(Beginning of Information provided)

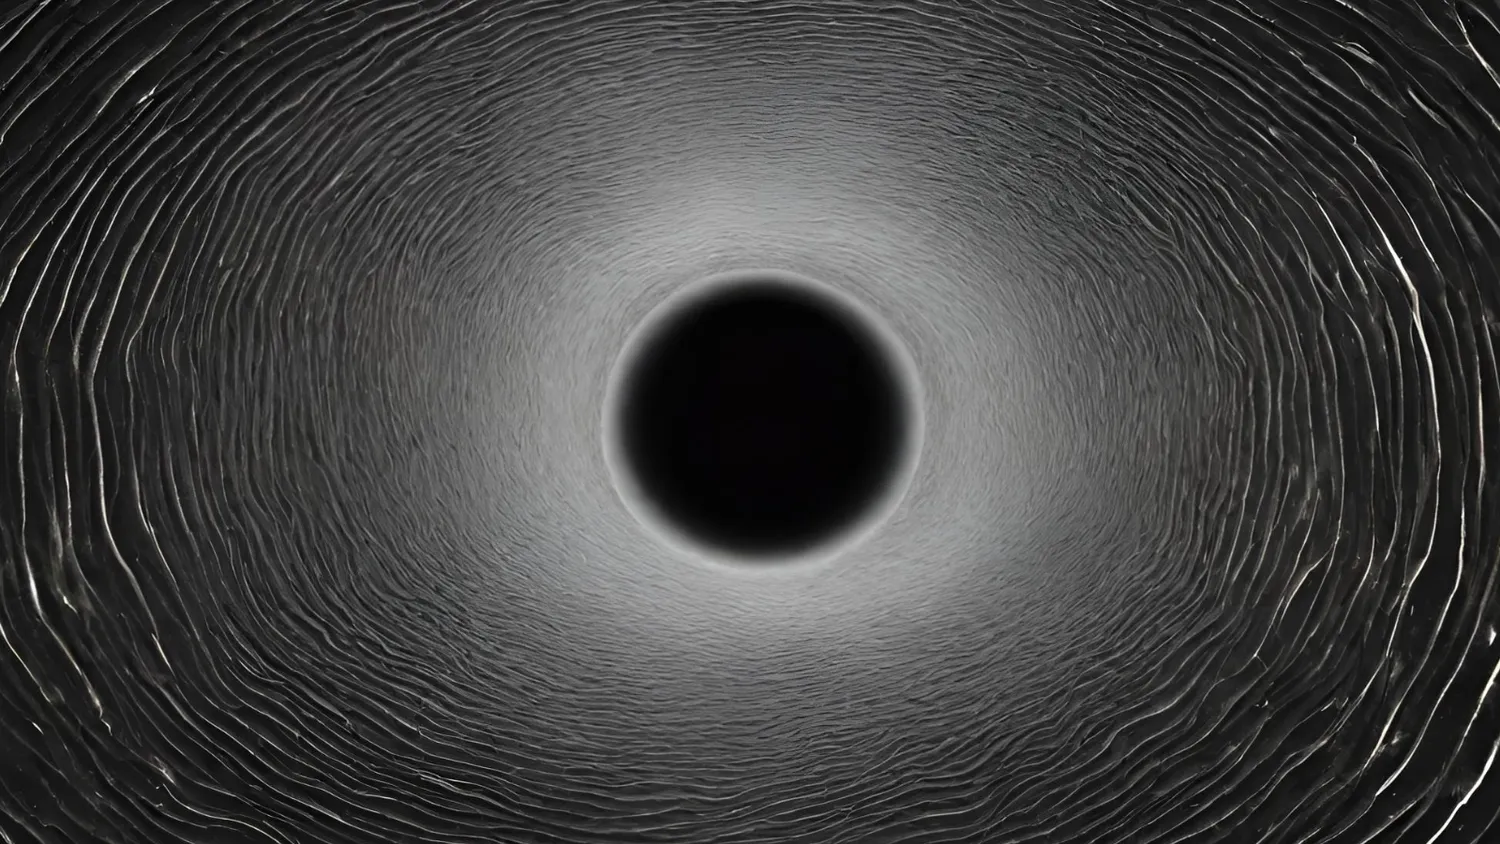 Ein schwarzer Kreis in der Mitte der Szene strahlt kreisförmige Wellen aus, die sich zu den Rändern des Bildes hin ausbreiten.
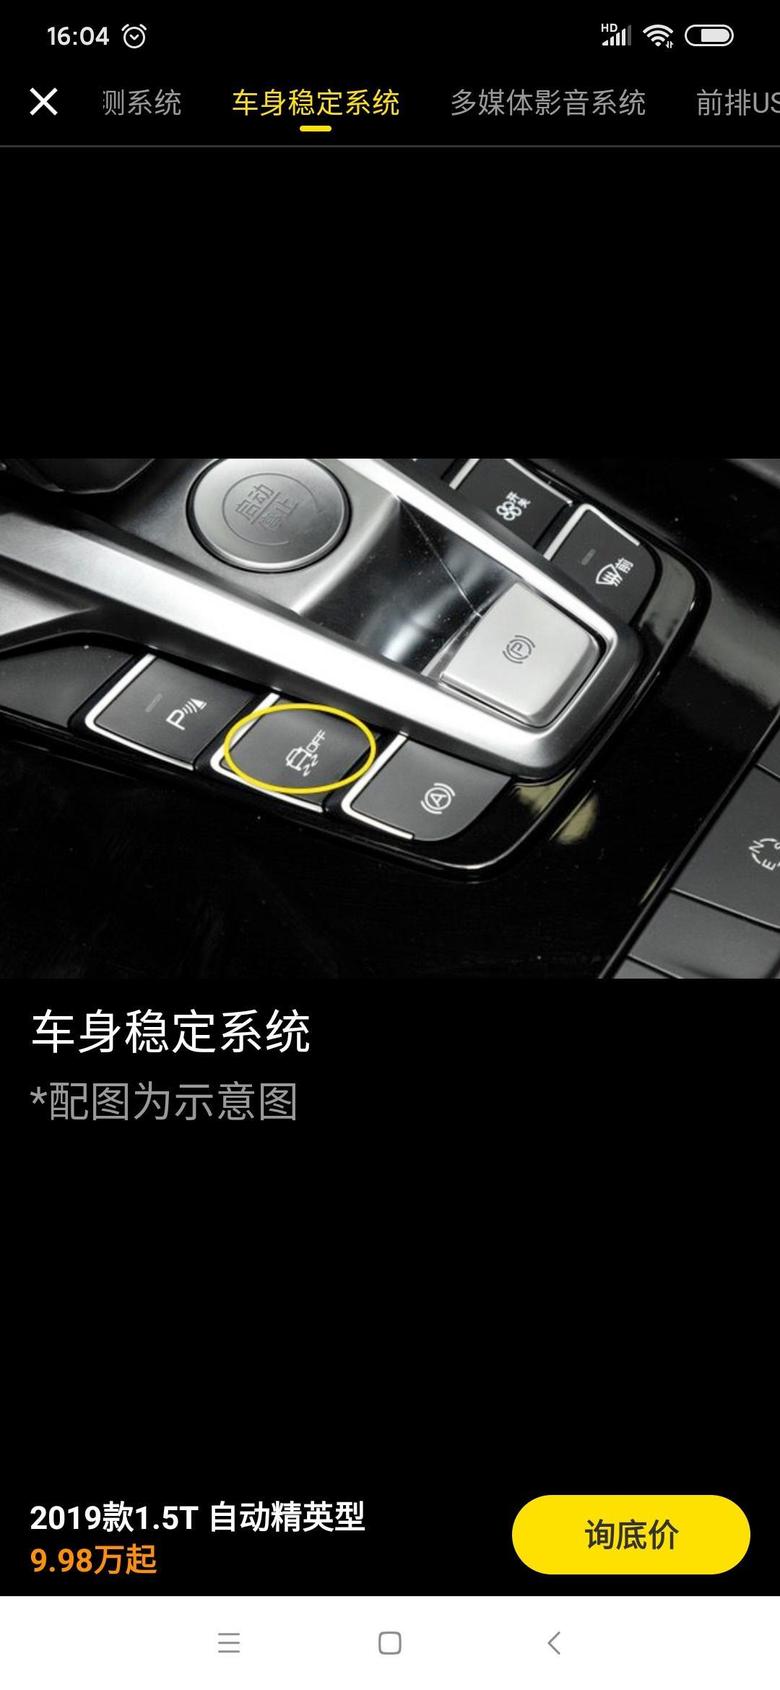 宋pro图片中p键是干嘛的，行车时p键指示灯亮是正常吗？
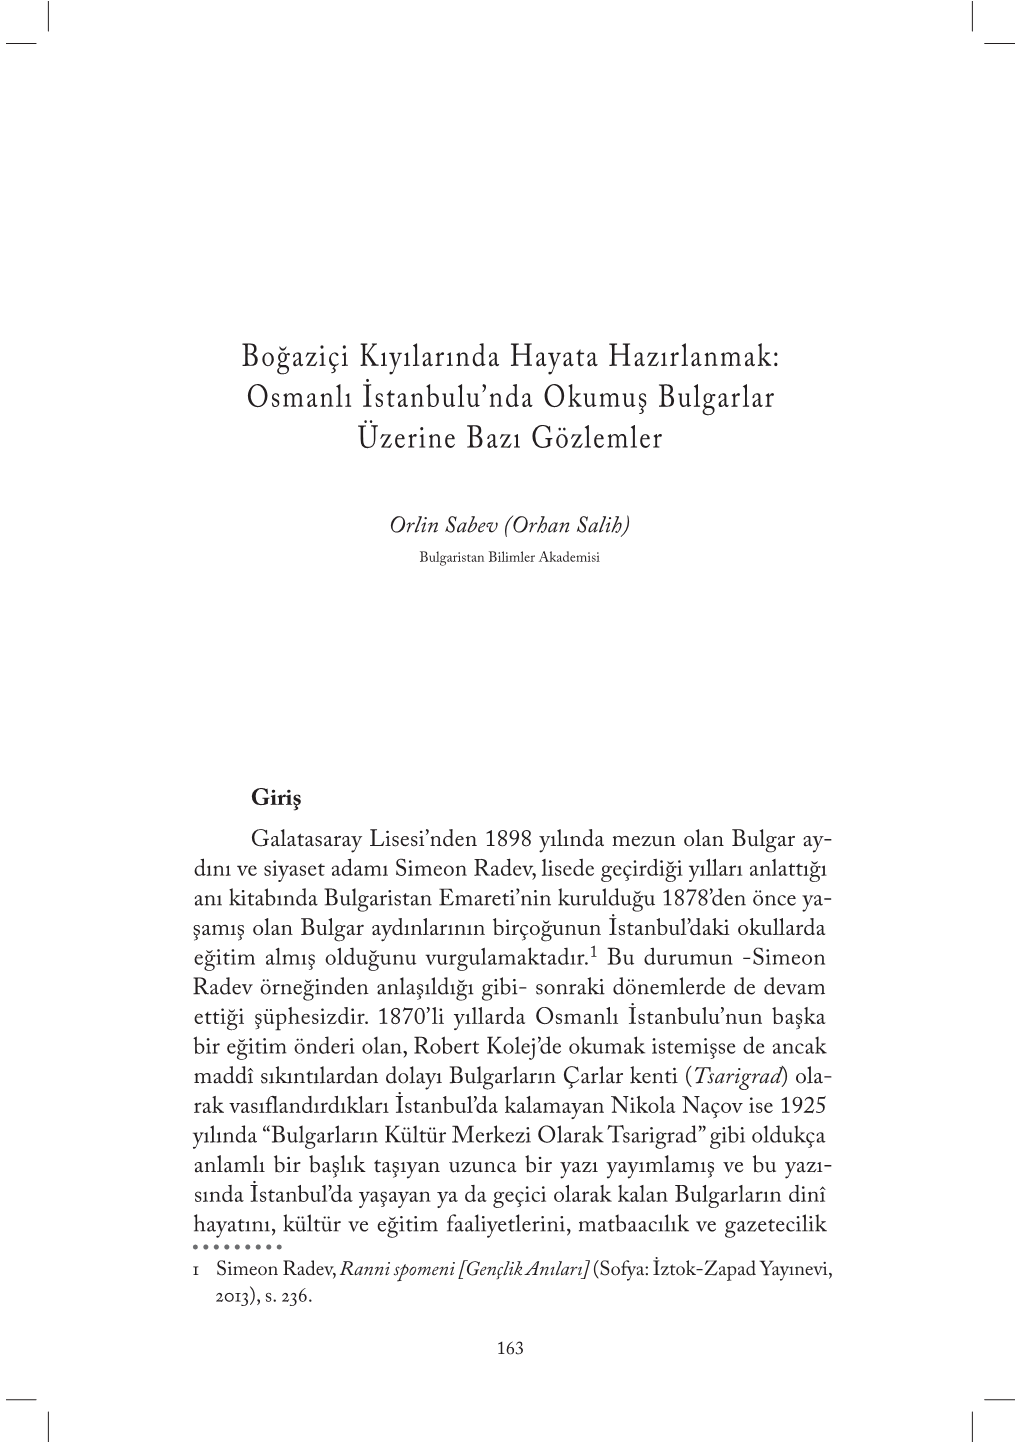 Osmanlı İstanbulu'nda Okumuş Bulgarlar Üzerine Bazı Gözlemler

(End of Information provided)

**Your instructions**:
Give the data above again in full and unchanged, skipping the pictures.

**Task output**:
 Ein schwarzer Kreis in der Mitte der Szene strahlt kreisförmige Wellen aus, die sich zu den Rändern des Bildes hin ausbreiten.
 宋pro图片中p键是干嘛的，行车时p键指示灯亮是正常吗？
 Osmanlı İstanbulu'nda Okumuş Bulgarlar Üzerine Bazı Gözlemler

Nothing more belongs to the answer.